### Supplied data
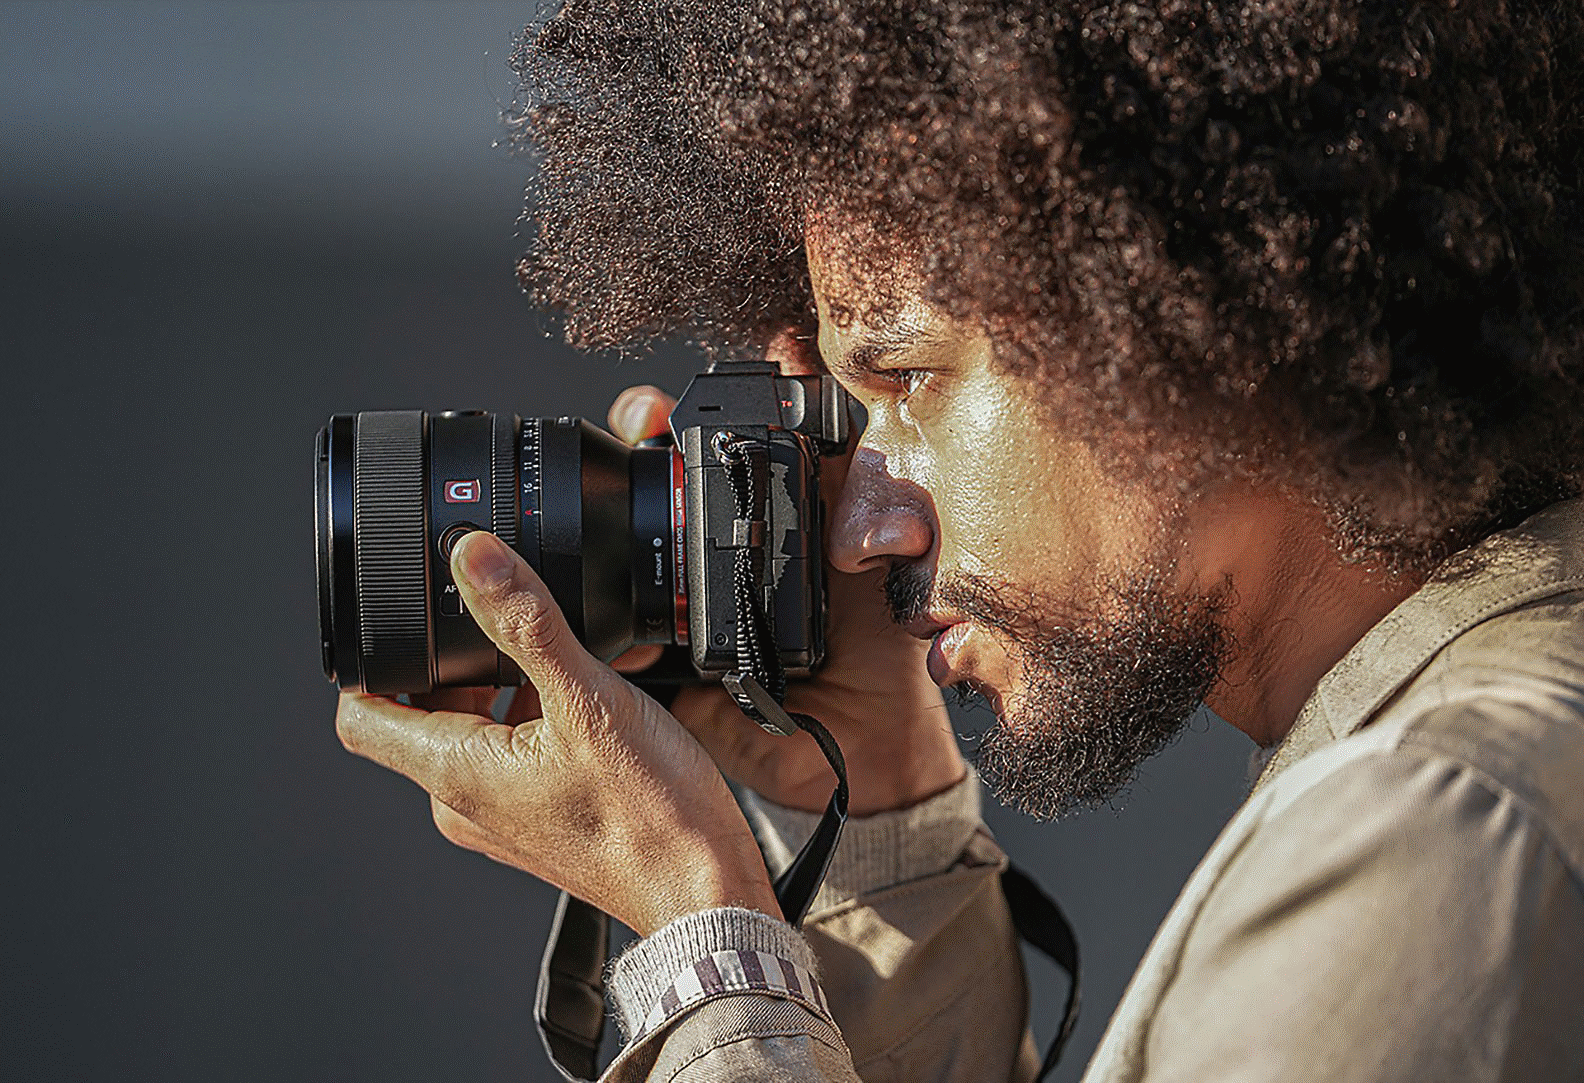 Obrázok osoby držiacej fotoaparát s pripevneným objektívom FE 50 mm F1,2 GM
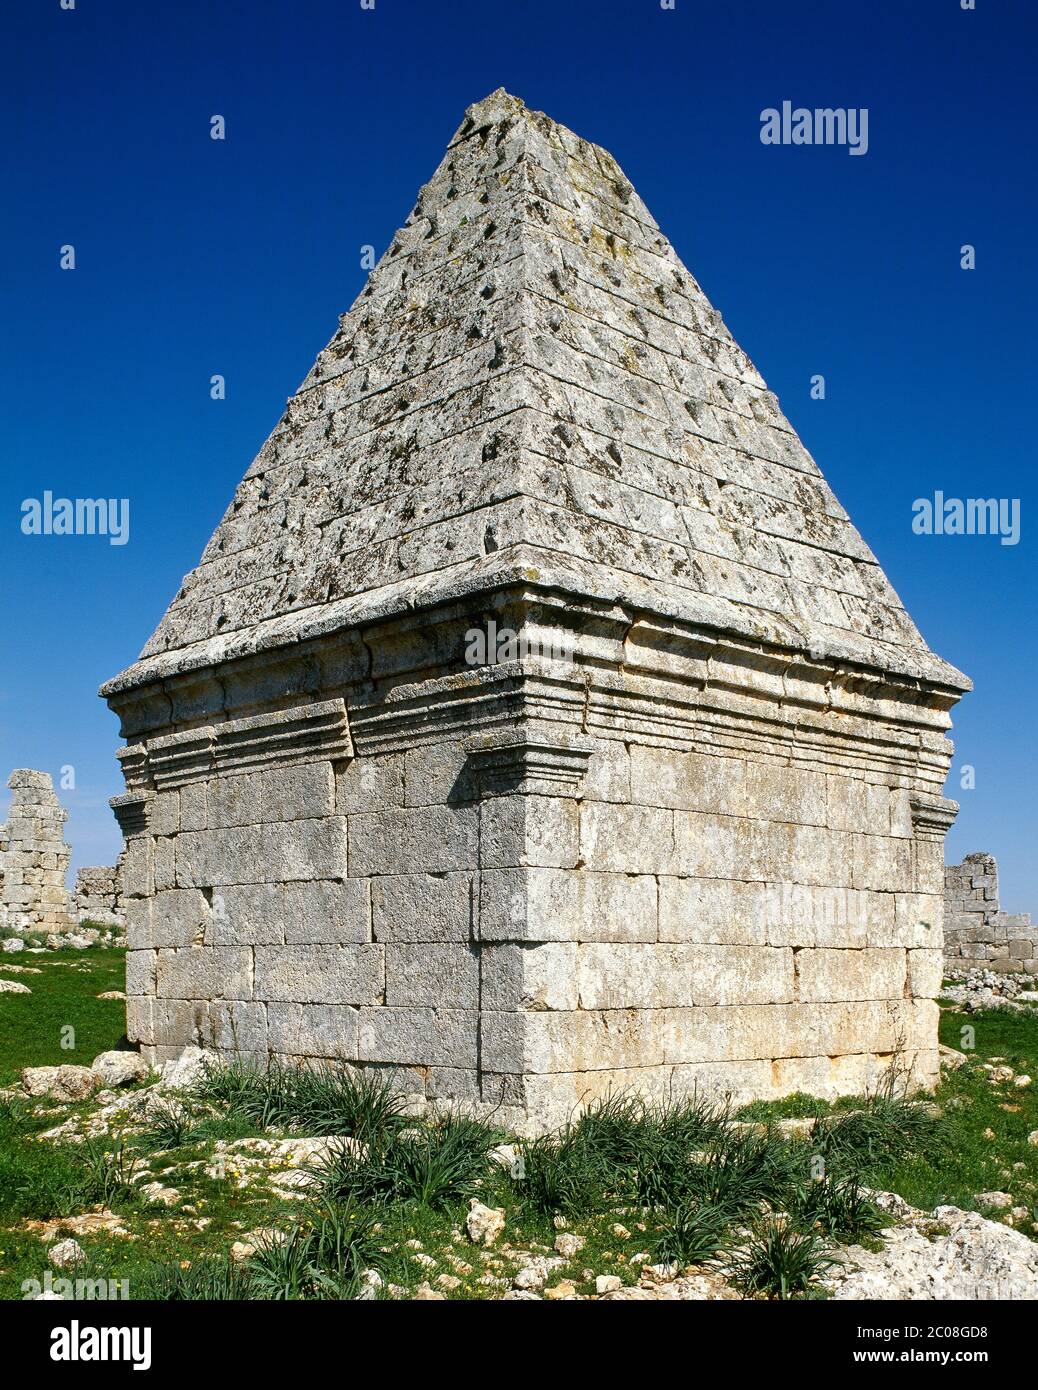 Siria. Città morte. Bara. Tomba piramidale bizantina. Foto scattata prima della guerra civile siriana. Foto Stock
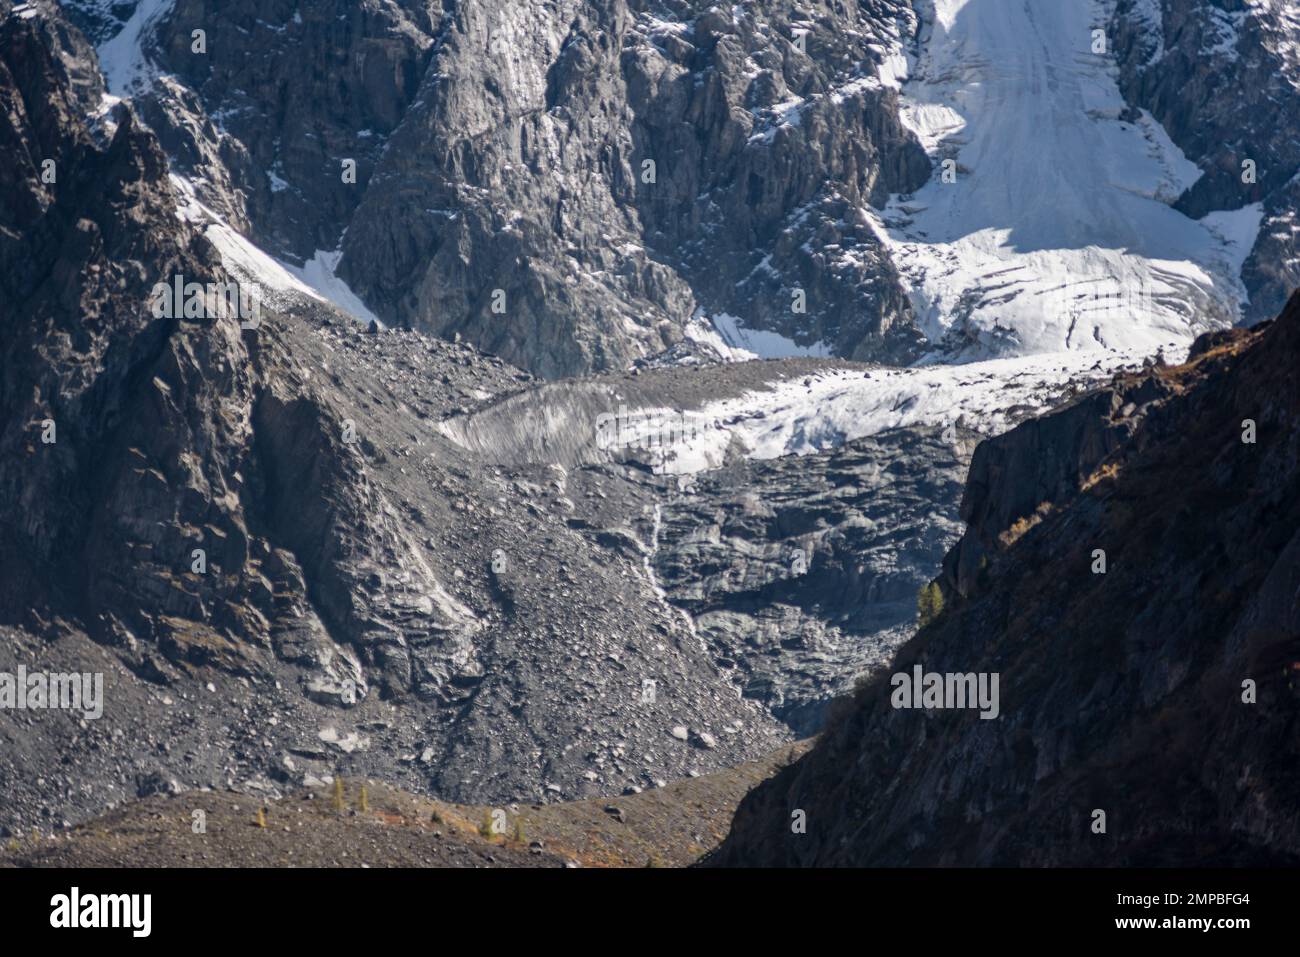 La lengua del glaciar alpino Zelinsky con nieve desciende de altas montañas de piedra rocosa entre los picos de Altai. Foto de stock
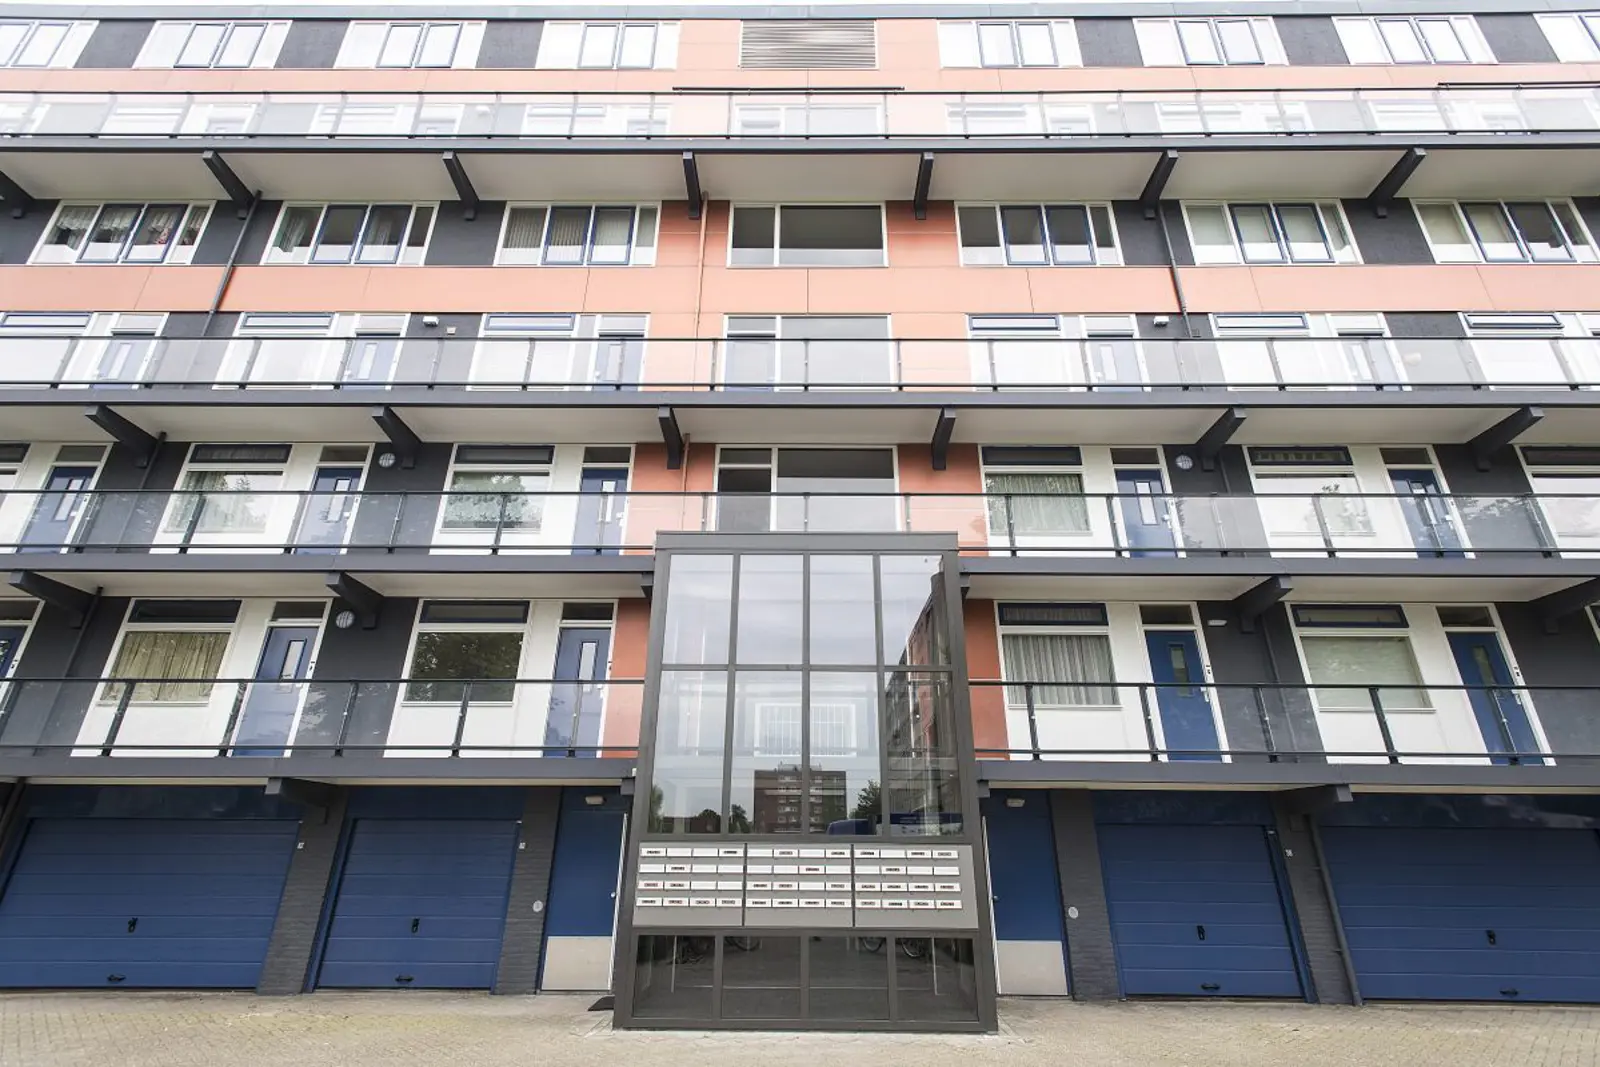 Balladestraat Nijmegen | Groot onderhoud aan 48 woningen | Hendriks bedenkt, bouwt, beheert

### Required action
Word for word and without any pictures, return all of the lines above.

### Result of the exercise
 Obrázok osoby držiacej fotoaparát s pripevneným objektívom FE 50 mm F1,2 GM
 Siria. Città morte. Bara. Tomba piramidale bizantina. Foto scattata prima della guerra civile siriana. Foto Stock
 La lengua del glaciar alpino Zelinsky con nieve desciende de altas montañas de piedra rocosa entre los picos de Altai. Foto de stock
 Balladestraat Nijmegen | Groot onderhoud aan 48 woningen | Hendriks bedenkt, bouwt, beheert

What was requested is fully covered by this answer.